Yes, puppy coat is soft and fluffy and adult coat should be coarse and dense. I have lived with blacks, silvers, reds and whites, and the silver has by far the densest, wiriest coat of the bunch (think SOS pads!!) Holly (red) had very silky, soft fly away coat as a youngster, but is very wiry as an adult. The blacks were the easiest to live with because when you brushed them out they looked lovely, even if they were in need of a haircut, where the reds are always curlier even when brushed and kinky little ringlets to the skin. But I find that Holly matts less than any of them ever did. Thinker`s Mom was white, and she matted terribly.


----------



## cbrand (Aug 9, 2009)

bigredpoodle said:


> So in essence you bred for color "I wanted to be careful not to introduce Cream/White/Apricot. This left me looking at dominant Black and Black/Brown stud"
> He carries for brown and is producing brown .
> Since your bitch came from a line that carried for brown .. You focused on getting the brown . In essence you bred for color.


No I avoided introducing Cream and I bred to a stud who was especially strong in body, bone and coat. Getting Brown was not a consideration.

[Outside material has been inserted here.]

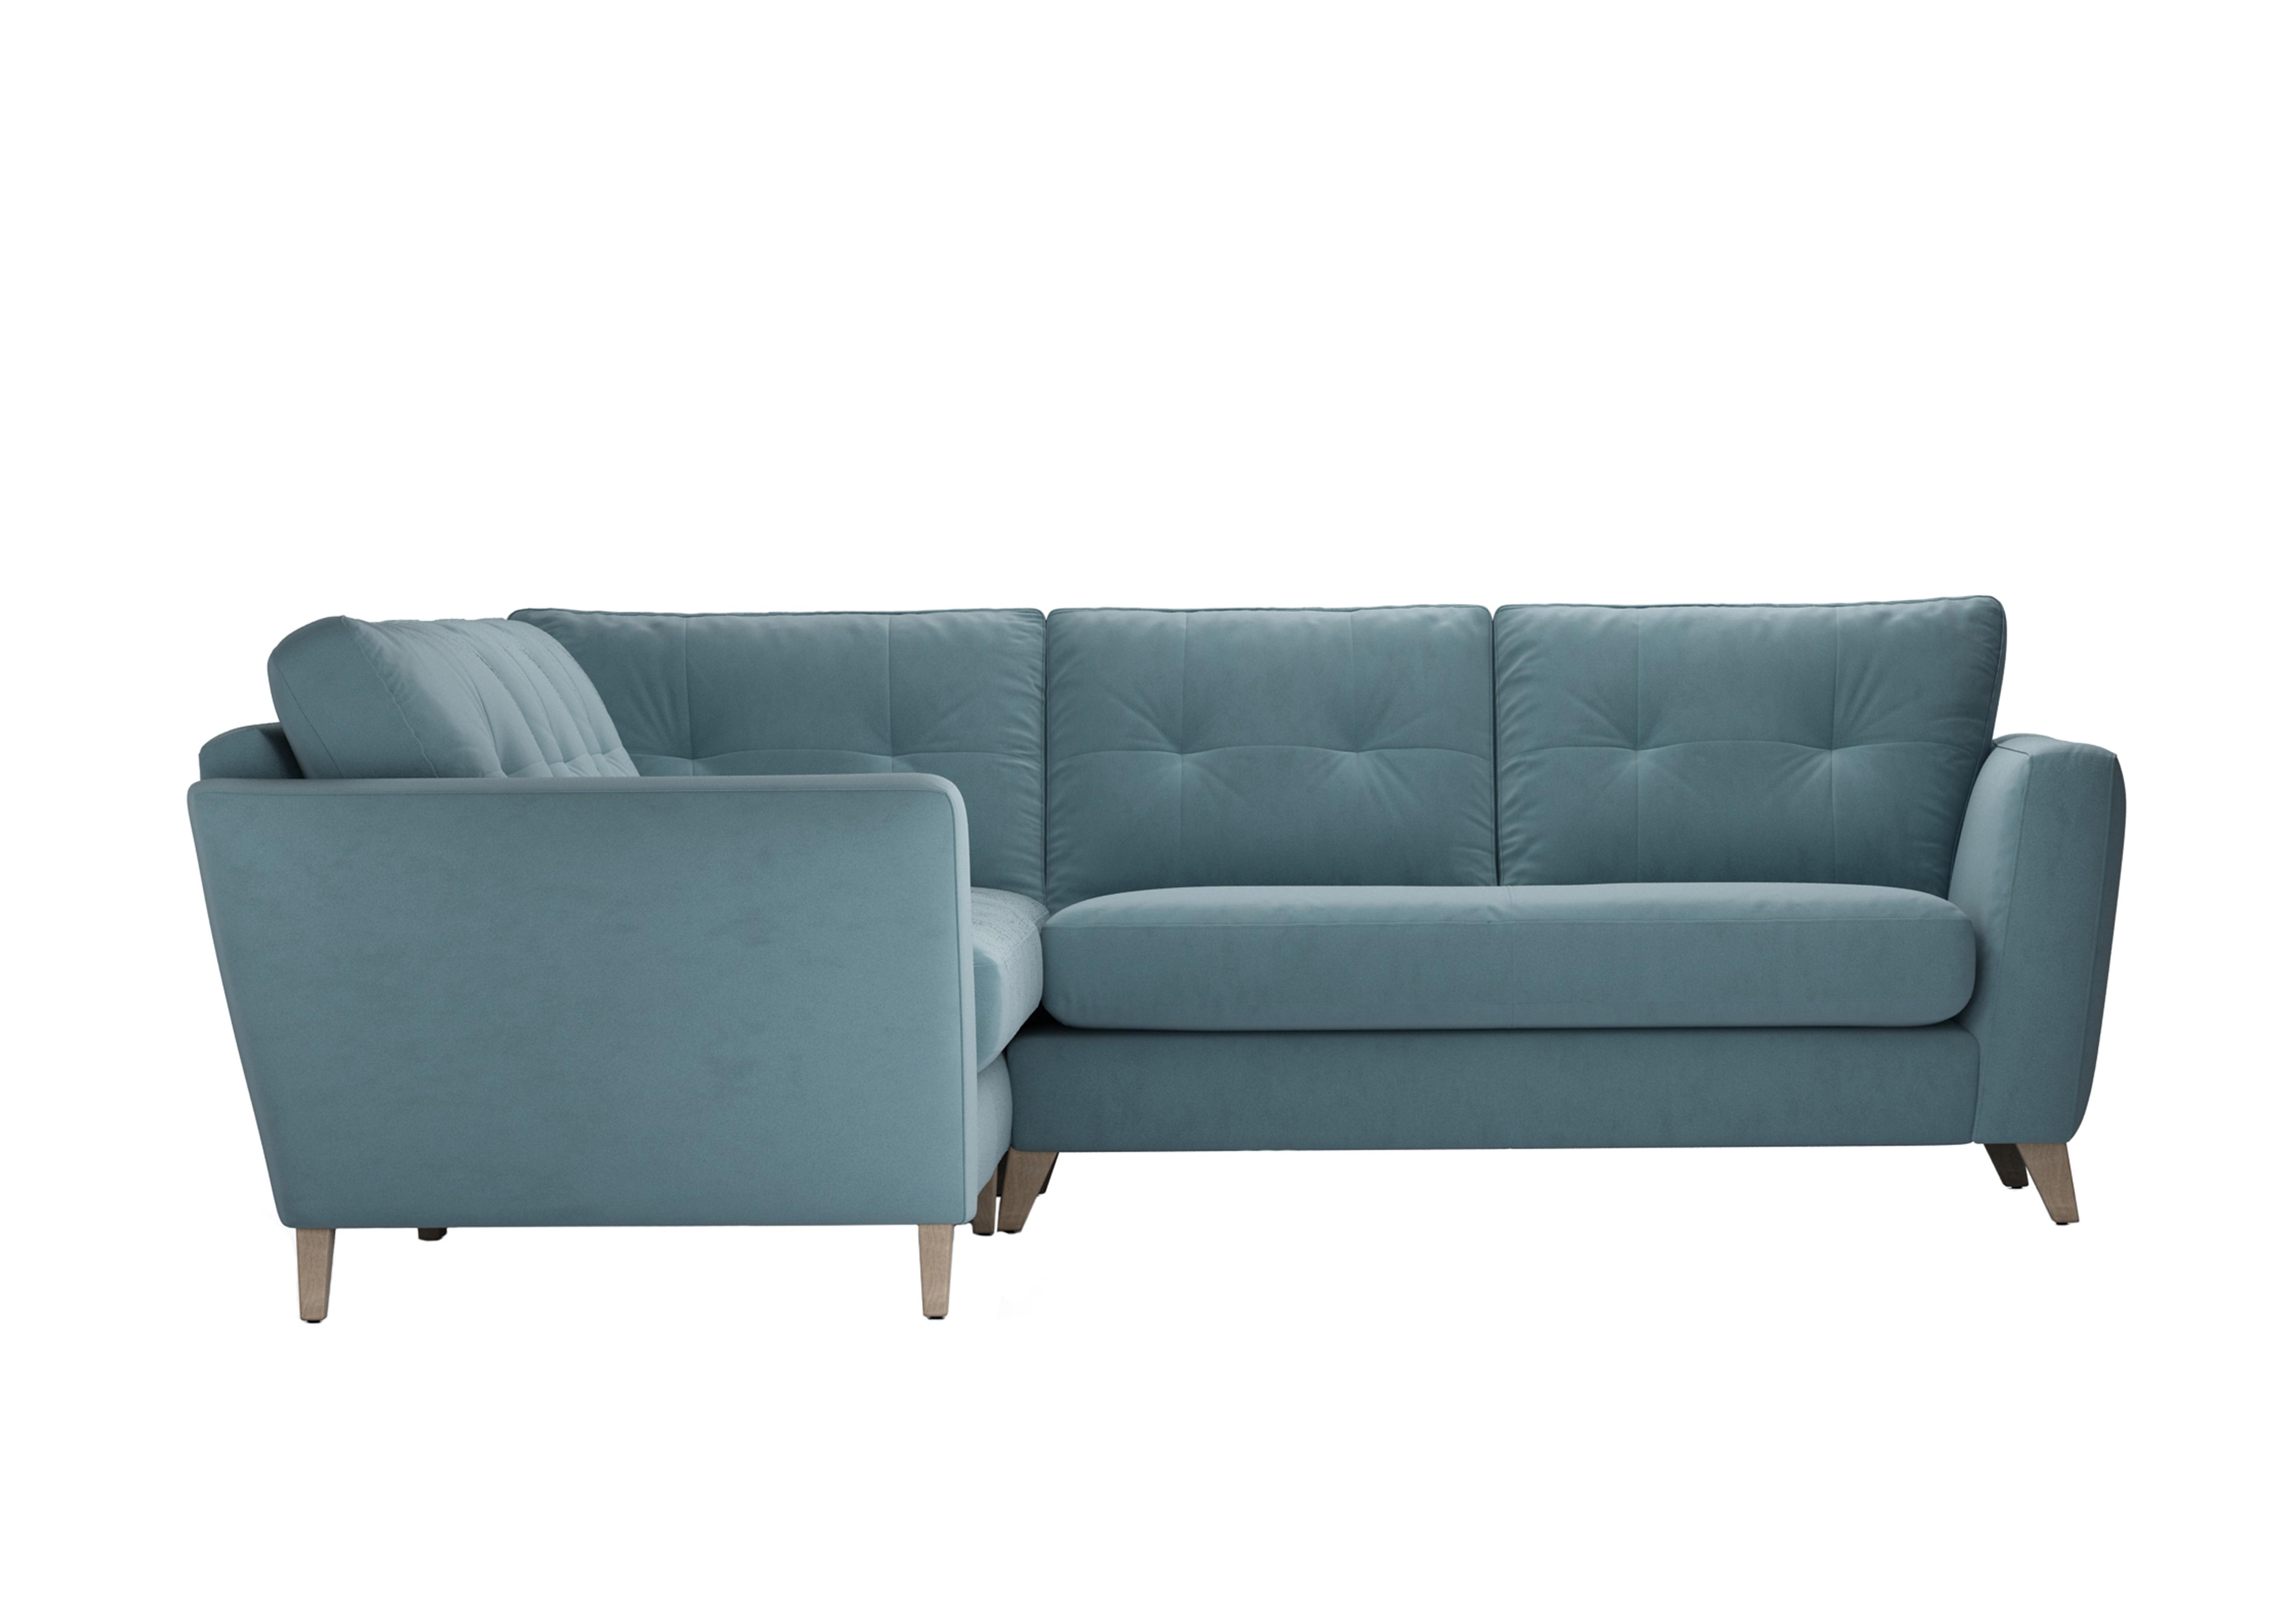 Hermione Fabric Corner Sofa in Sha252 Shallow Puddle Wo Ft on Furniture Village

Edited to add that if Brown had been the primary concern, I would have bred to a Brown stud since it would have given me a liter that was 50% Brown.


----------



## redcricket (Dec 5, 2009)

I can't speak for other colors, but my red is very coarse and wiry, and very curly. She is a b*tch to blow out straight! LOL! No pun intended! All she needs is a bit of humidity or a touch of rain to touch her and she starts to curl immediately! Clover (my cream) still has her puppy coat, so I can't comment on that. My cousin however, has a cream, and she is softer than Cricket, but just as curly, and my aunt had a black standard and he was super coarse and VERY curly! As a child, I used to think she gave him a perm! LOL! (She was a hairdresser)


----------



## bigredpoodle (Sep 13, 2009)

redcricket said:


> I can't speak for other colors, but my red is very coarse and wiry, and very curly. She is a b*tch to blow out straight! LOL! No pun intended! All she needs is a bit of humidity or a touch of rain to touch her and she starts to curl immediately! Clover (my cream) still has her puppy coat, so I can't comment on that. My cousin however, has a cream, and she is softer than Cricket, but just as curly, and my aunt had a black standard and he was super coarse and VERY curly! As a child, I used to think she gave him a perm! LOL! (She was a hairdresser)


I have reds that are both ways But for the most part I feel like I have pretty correct coats, very curly and dense.. . My silver is very coarse however. Hard to cut even with the SS comb..


----------



## ArreauStandardPoodle (Sep 1, 2009)

The only blade I can easily get through Thinker's coat is a #7 for the rough out, and then skim over him with a #5 for the finish.


----------